Michael Brown was shot while walking down the street with a friend a few days before he was supposed to start college, and the 18-year-old may well have been the victim of racial profiling.
In 2010, the civil rights lawyer and legal scholar Michelle Alexander wrote a groundbreaking book that likens the experience of being racially profiled to the so-called Jim Crow era of segregation and humiliation of African-Americans in the U.S. south. Jim Crow laws — named for an African-American character in minstrel shows — allowed racial segregation in many U.S. states until the 1960s.
Alexander’s book, “The New Jim Crow,” argues that “we have not ended racial caste in America; we have merely redesigned it.” Alexander writes that America’s criminal justice system subjugates black men by targeting them through the so-called War on Drugs and depriving them of many of their rights as citizens by putting them in jail at disproportionately high rates.
Notably, the book argues that stop and frisk, a practice made legal by a 1968 Supreme Court case called Terry v. Ohio that proponents say is essential for police work but which has been frequently tied to racial profiling, is really a throwback to an era of systemic racism.
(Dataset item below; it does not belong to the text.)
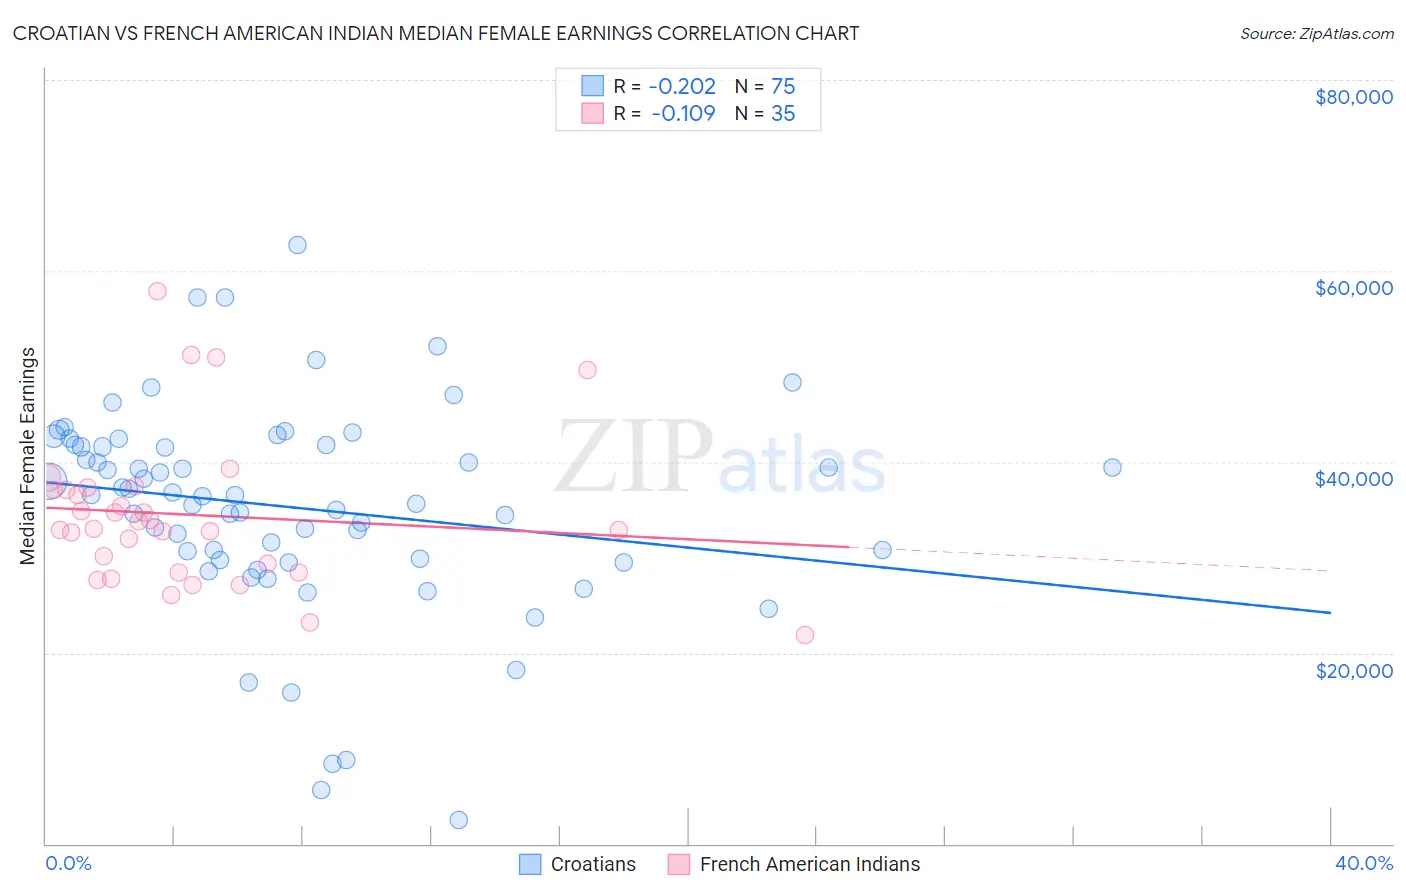 Croatian vs French American Indian Median Female Earnings

From Alexander’s book:
Ultimately, these stop-and-frisk operations amount to much more than humiliating, demeaning rituals for young men of colour, who must raise their arms and spread their legs, always careful not to make a sudden move or gesture that could provide an excuse for brutal — even lethal — force.
Like the days when black men were expected to step off the sidewalk and cast their eyes downward when a white woman passed, young black men know the drill when they see the police crossing the street toward them; it is a ritual of dominance and submission played out hundreds of thousands of times each year.
For many young black men in America, their first interactions with the criminal justice system come when police randomly stop them on the street.
As a law student at the University of Chicago who did a police ride-along and was appalled by what he saw told Alexander: “Each time we drove into a public housing project and stopped the car, every young man in the area would almost reflexively place his hands up against the car and spread his legs to be searched. And the officers would search them. The officers would then get back in the car and stop in another project, and this would happen again.”